Tagged as: Cheating, Marriage problems, The ex-factor, Three is a crowd<< Previous question   Next question >>
Question - (19 May 2010) 1 Answers - (Newest, 19 May 2010)
A female United States age , *ietta writes:

Hi, I just recently found out that my husband of 18 years has kept up with an old girlfriend from college who he has always had strong feelings for the entire time we've been together. She lives 3000 miles away and they haven't seen each other for 15 years and up until 8 months ago they hadn't spoken for 5 years but she found him on the internet and they hooked back up and started lighting up the phone lines. Our marriage wasn't going so well at the time, I hadn't had sex with him for years but we were still living together and doing things as a family with our two kids but within a month of starting to talk to her he asked me for a divorce. But he didn't tell me it was because of her, said it was because he couldn't take our fighting anymore. I was devastated and it made me realize that I really did want him back and I did everything I could to get him back but he just kept telling me he was 100% dead and buried and felt nothing for me, there was no spark. I still had no idea about this other girl.

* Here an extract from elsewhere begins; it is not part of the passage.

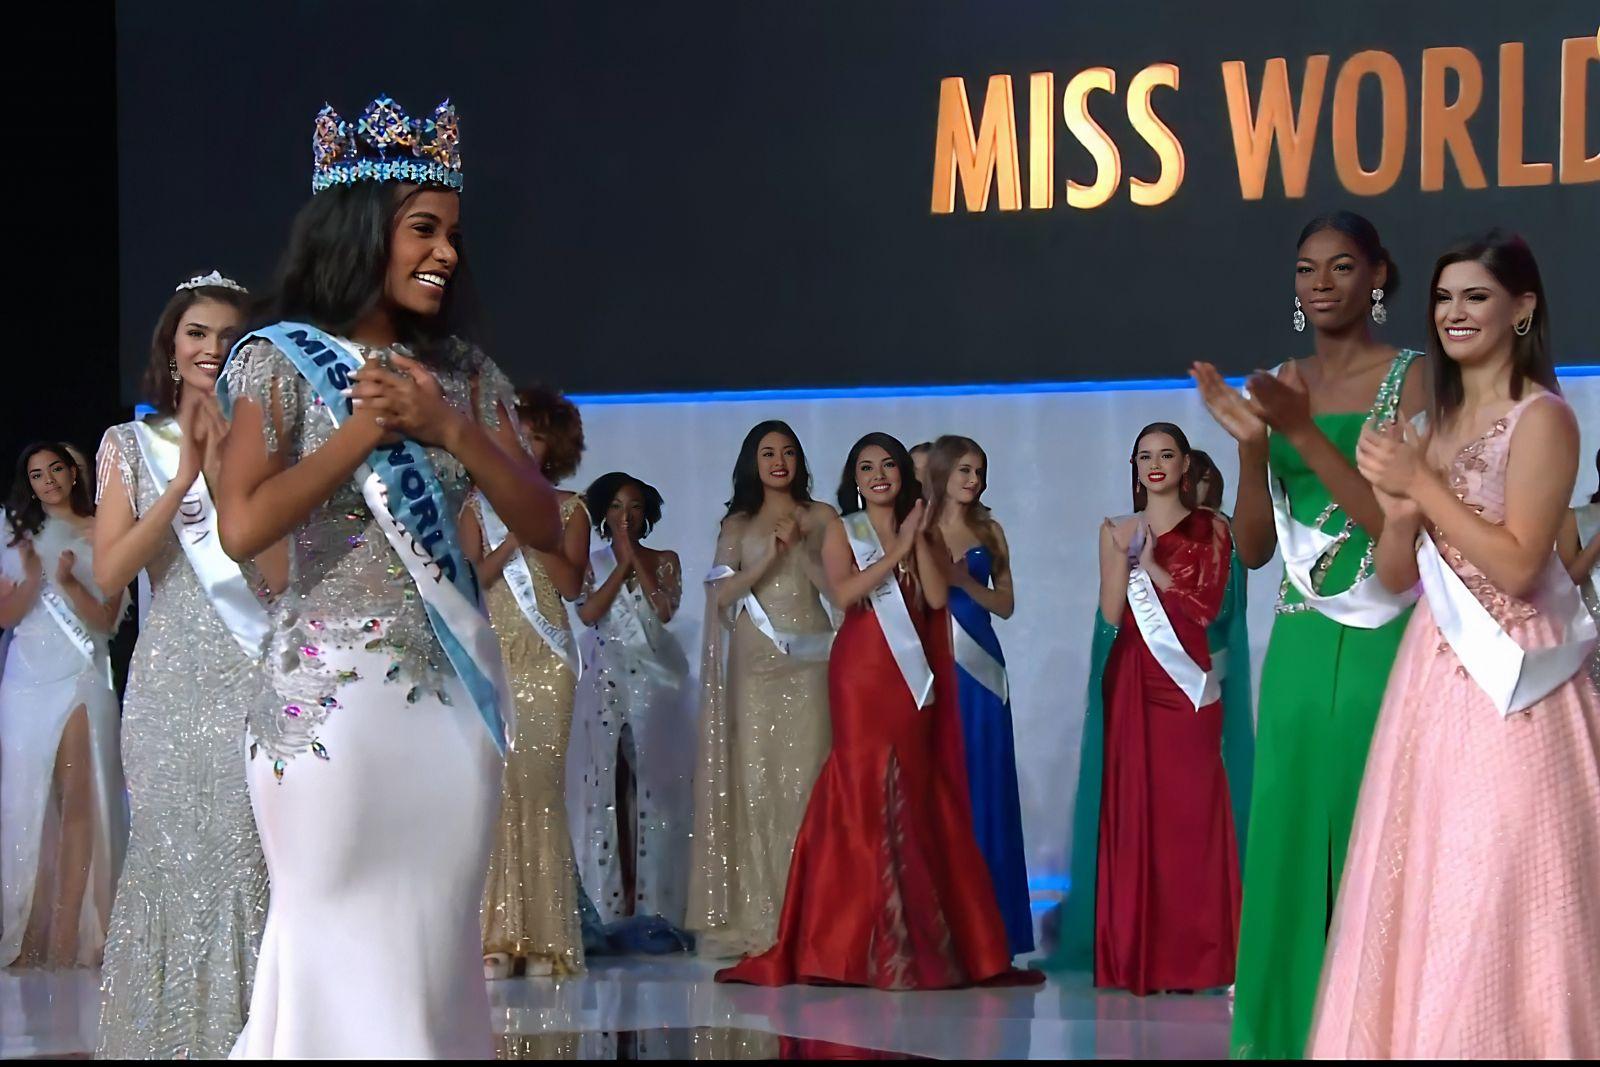 toni-ann singh, miss world 2019. - Página 2 Img_6110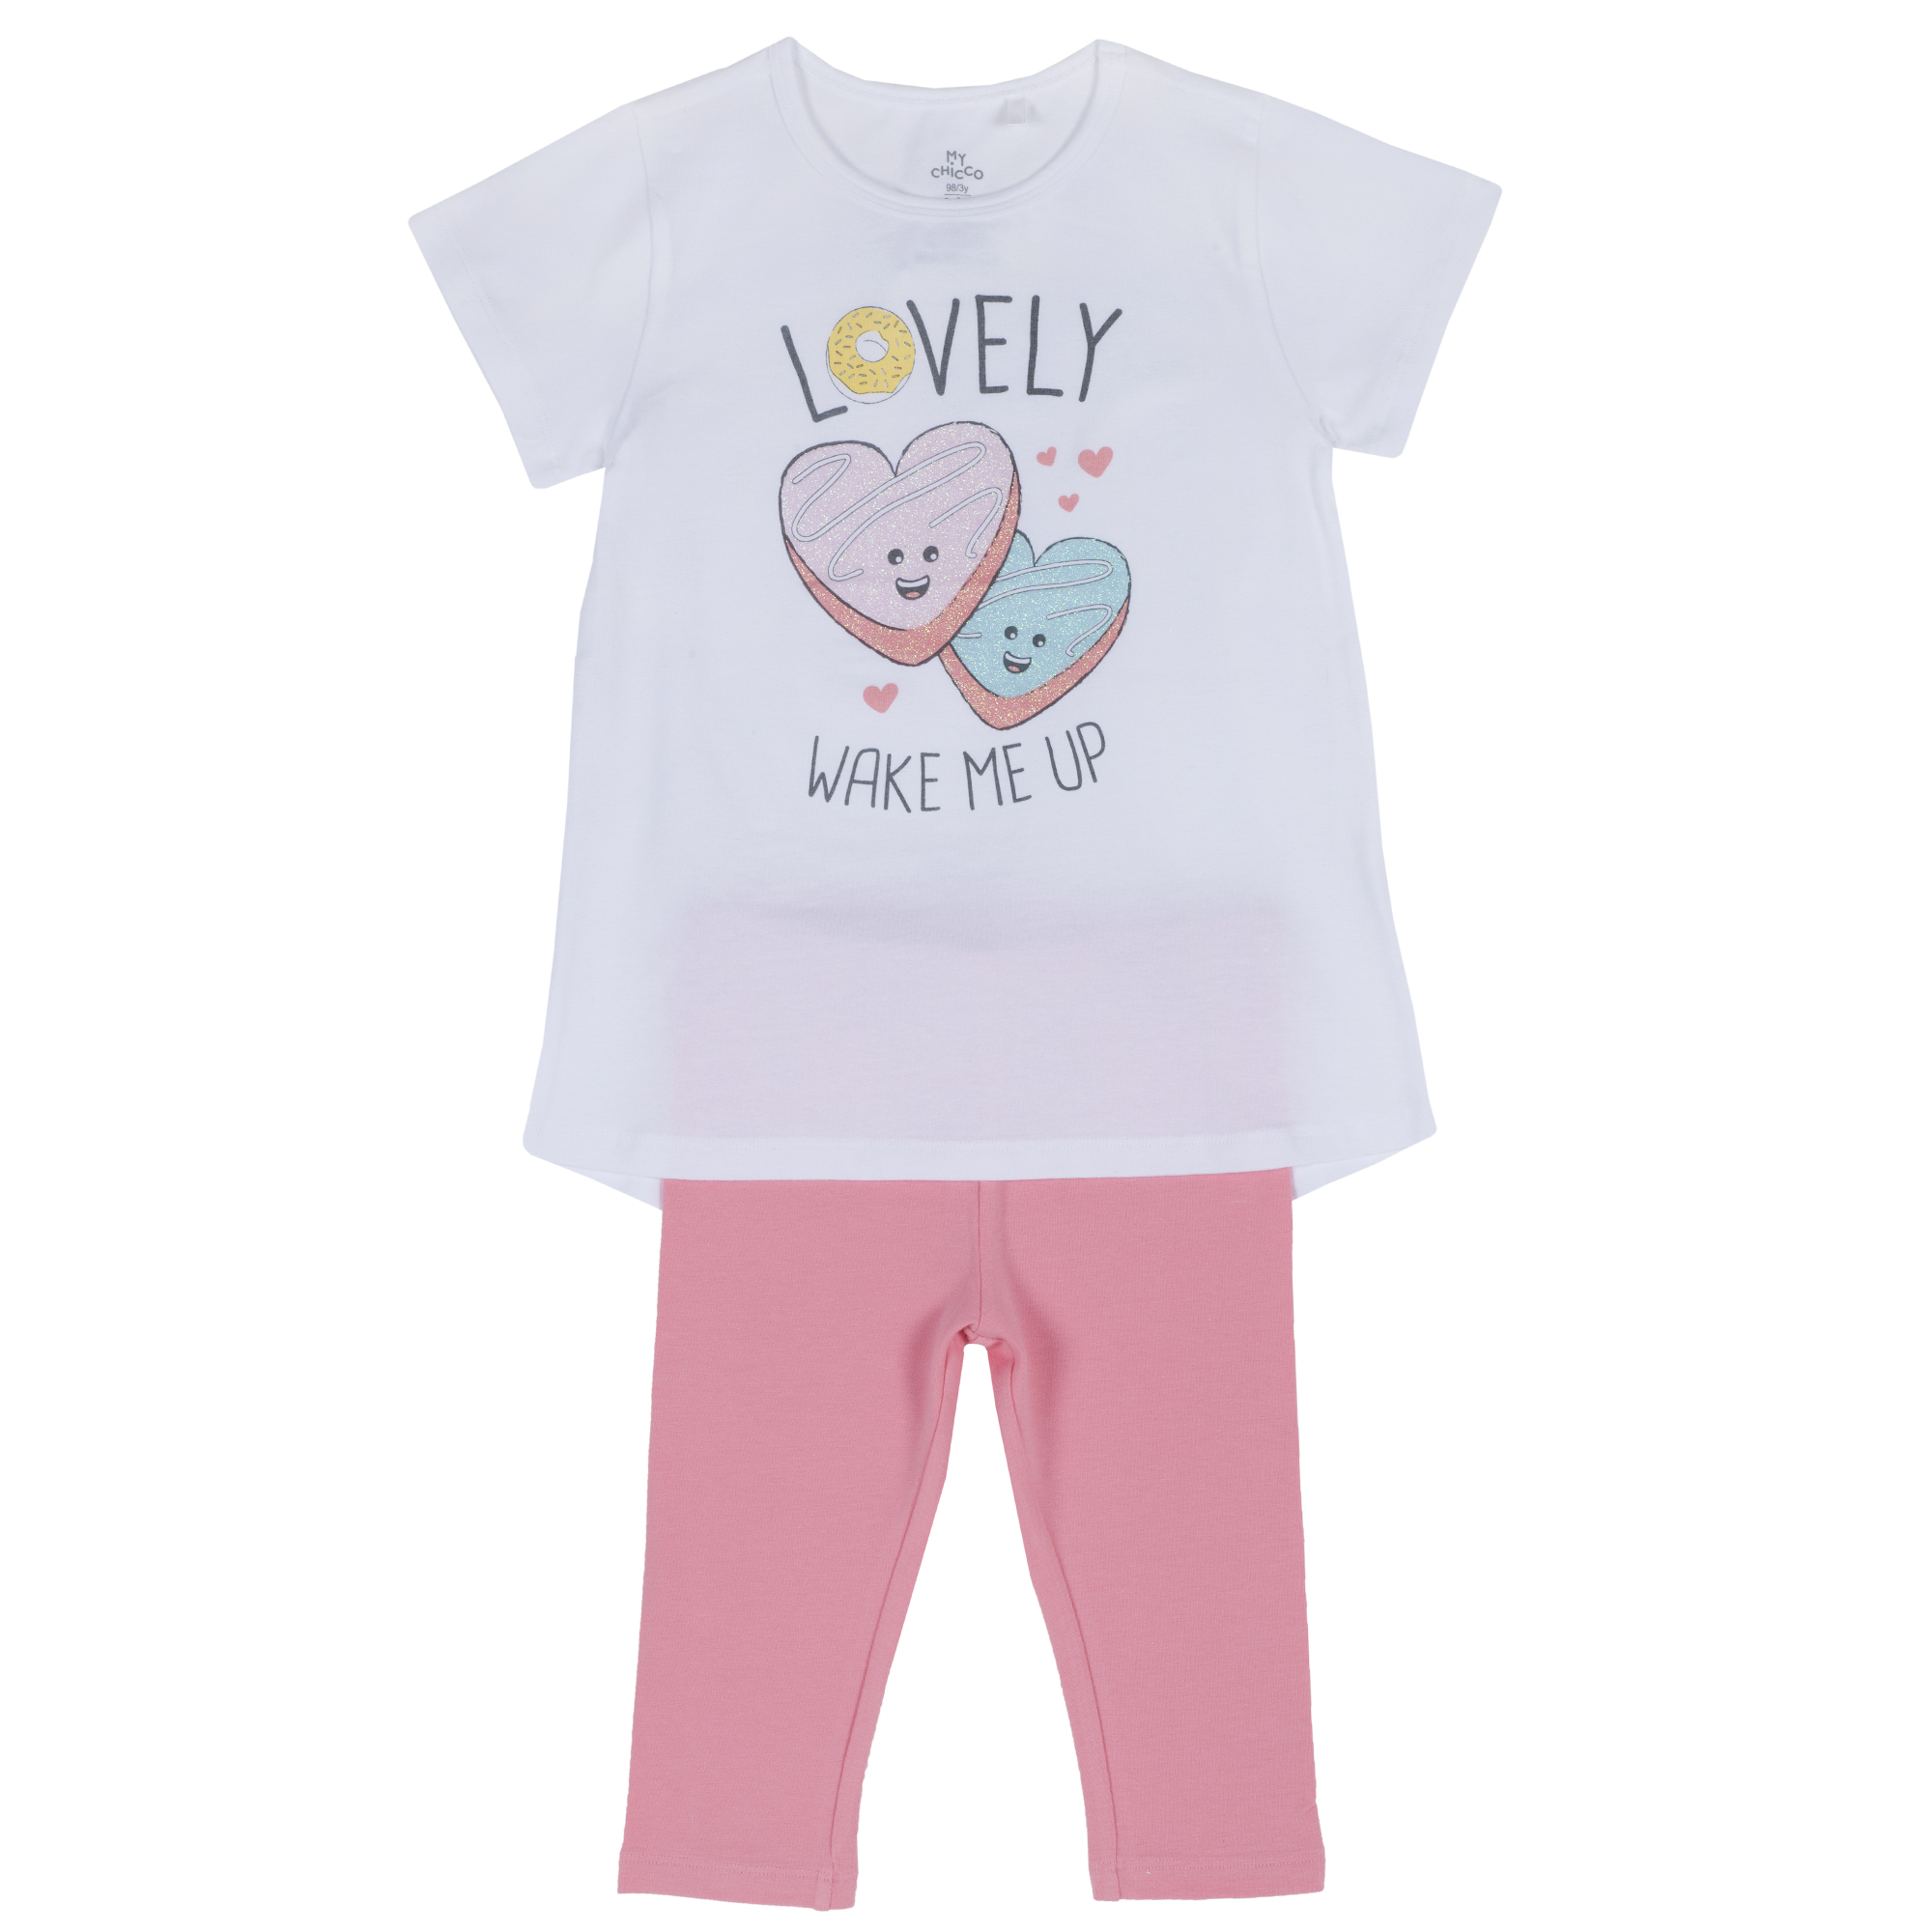 Pijama Copii Chicco, Tricou Si Pantalon, Roz Cu Alb, 35359 imagine

Gradually, he started coming around and started coming clean and told me he had been playing around through our entire marriage but mostly kept in secret contact with 4 old girlfriends that all lived in different states that he flirted with who made him feel good. I couldn't believe all I was hearing. Then I found a weird phone # on the phone bill and asked him about it and he had to come clean and eventually he finally told me that he had been talking to that one special girl he had stayed close with for over 20 years from before I even met him and they had gotten closer and closer. He completely broke it off with her and said I was more important to him. But after a couple of months more bad news. Even though he was back in love with me he said he couldn't stop thinking about her. And this is all through the phone, he hasn't seen her for over 15 years and even when they dated off and on for 4 years in college they never even slept together! I thought it would all blow away so I didn't worry about it at all and we started having the best life together again and I was back madly in love with him but that came crashing down when he started telling me instead of it going away it was getting worse and he really really missed talking to her and the good feeling she gave him. He still says he wants me more and wants to stay with me but I just can't deal with another woman in my marriage, even though it seems to just be a fantasy girl 3000 miles away, he tells me he knows he will never be completely happy without her in his life but that if he went to her he would want me and be miserable without me and will never be completely happy without me.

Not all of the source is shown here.